• **PROBLEM DETAILS**: In the data below, locate the line containing "Student Business Card Template Google Docs" and the line containing "Pleasing License Plate 62Jy9bt6v", then retype both and everything between them exactly. Pictures are not part of the copy.
(RECORDS SUPPLIED)
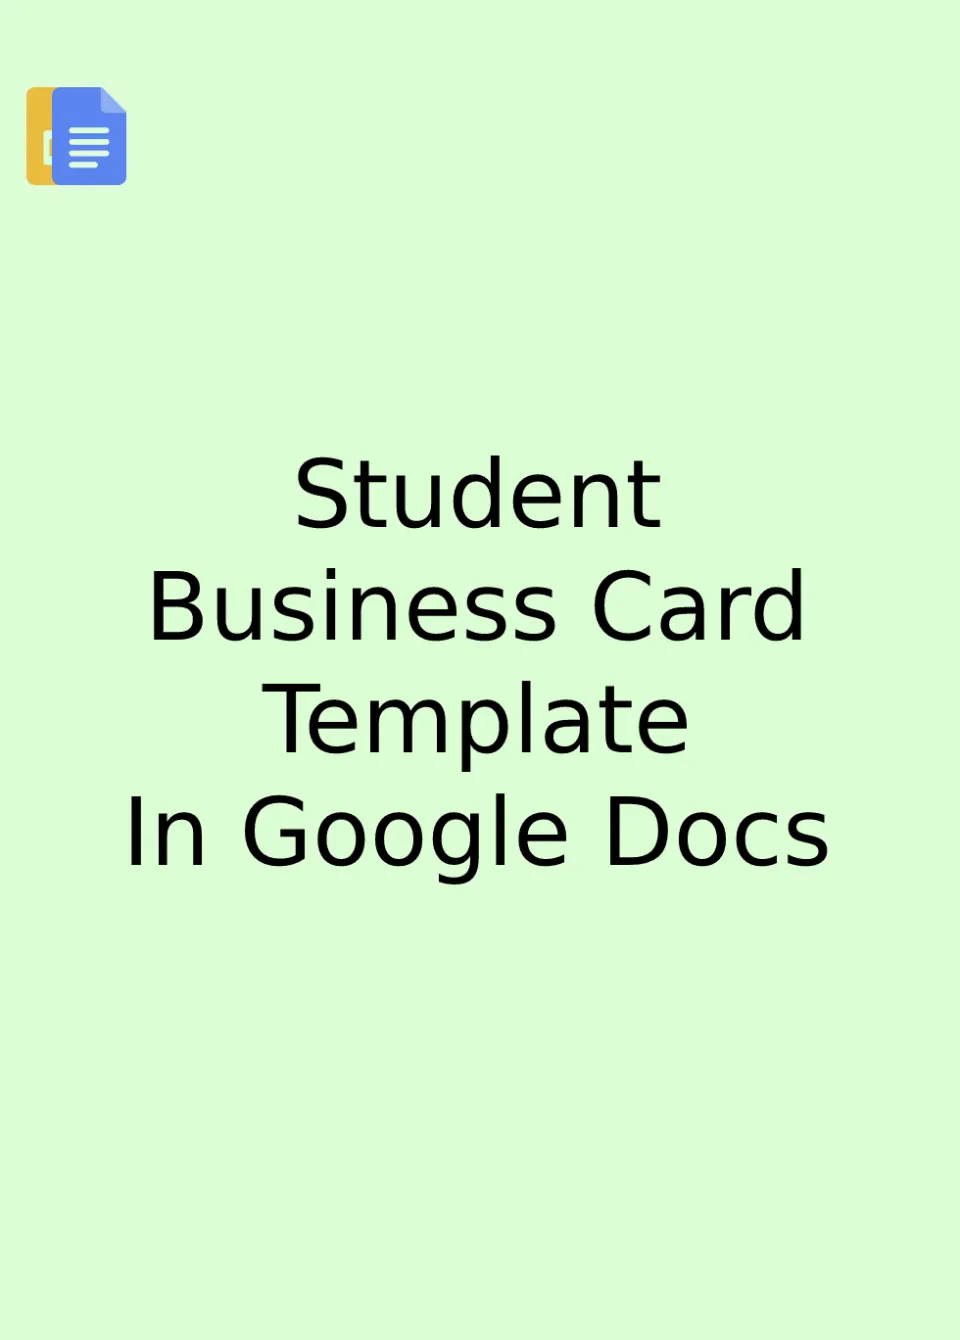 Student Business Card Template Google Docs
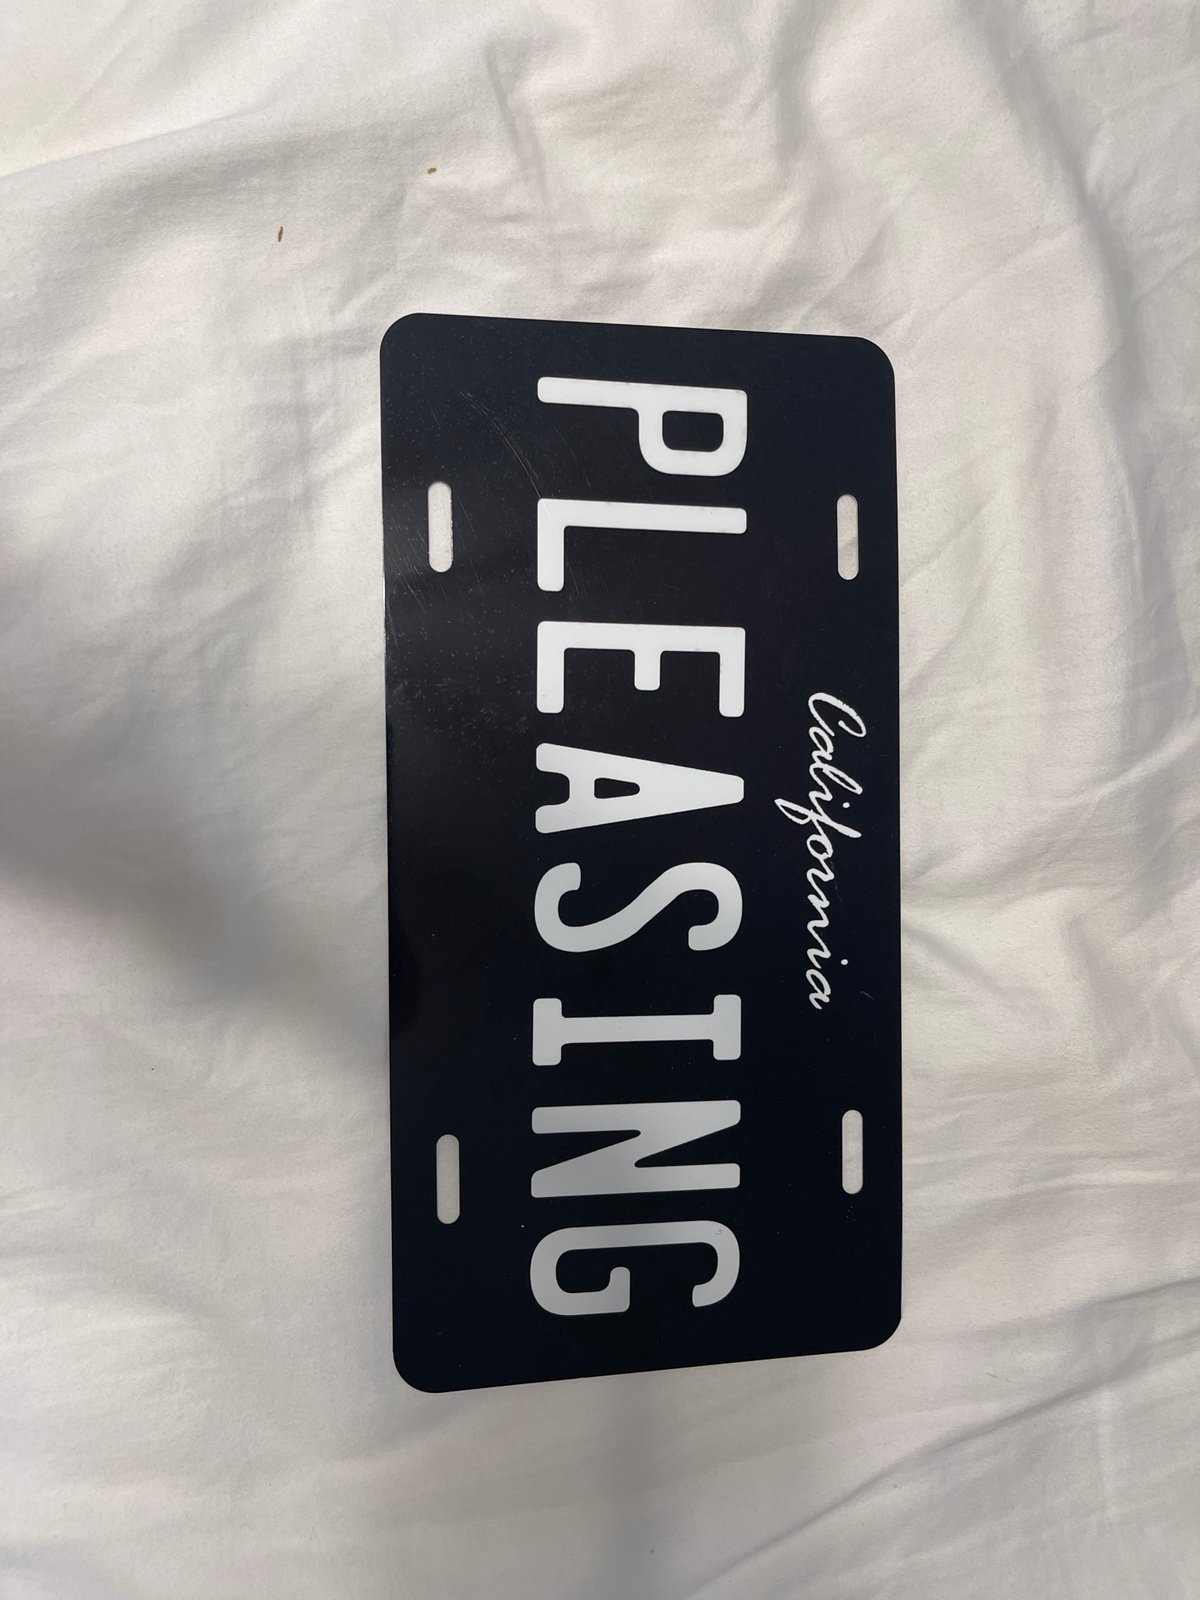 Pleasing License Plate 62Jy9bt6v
(End RECORDS SUPPLIED)
(RECORDS SUPPLIED)
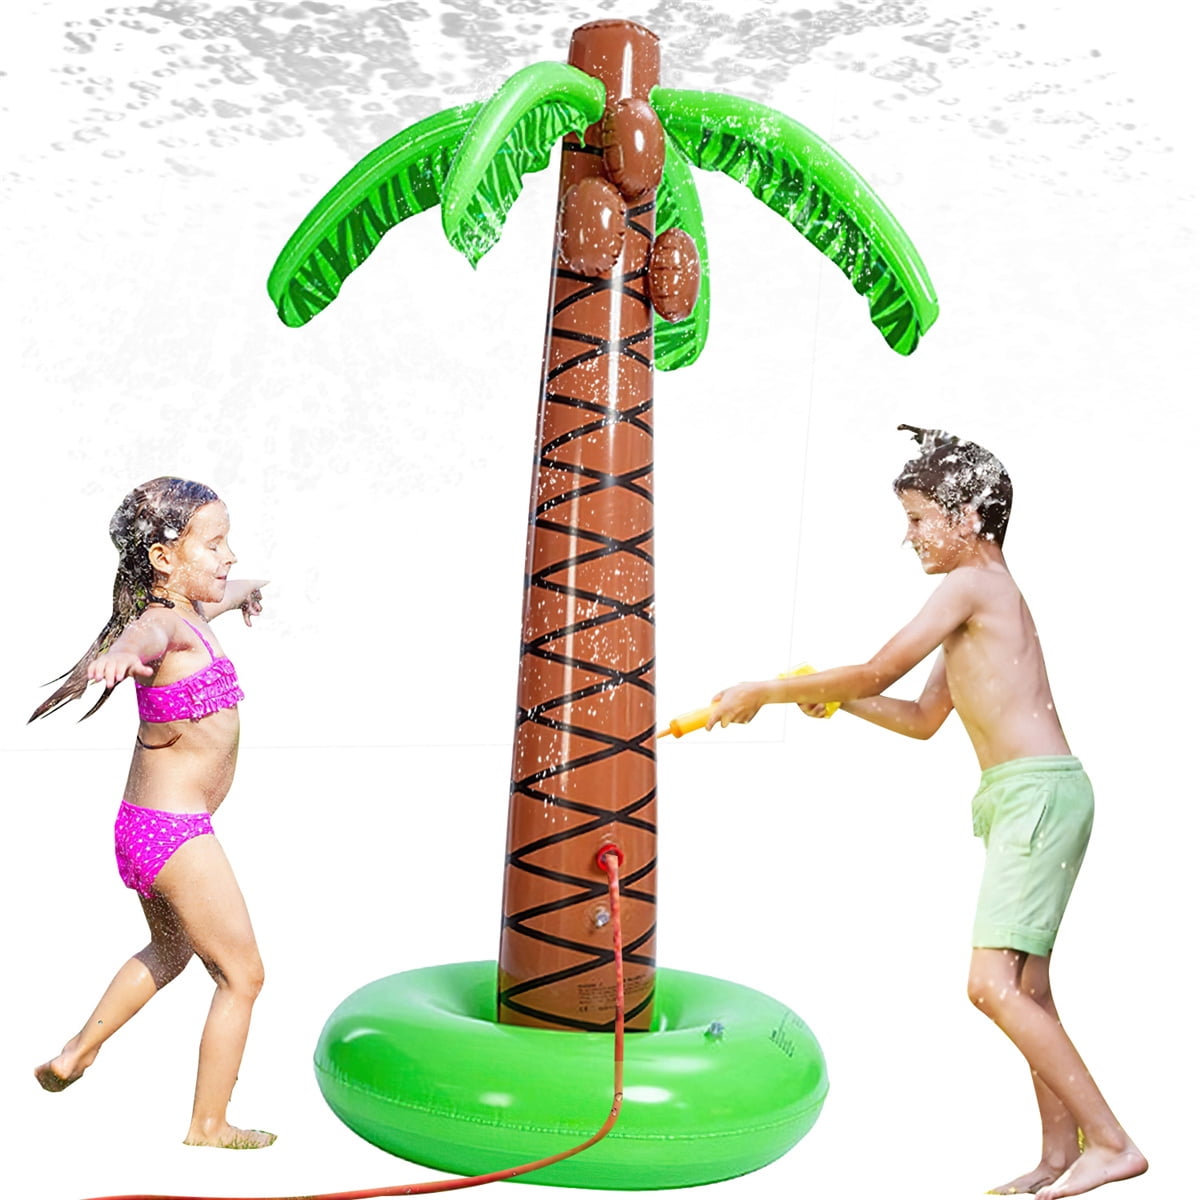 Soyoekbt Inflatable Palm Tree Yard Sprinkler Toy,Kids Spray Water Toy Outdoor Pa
(End RECORDS SUPPLIED)
• **RESPONSE TO THE EXERCISE**:
 Student Business Card Template Google Docs
 Pleasing License Plate 62Jy9bt6v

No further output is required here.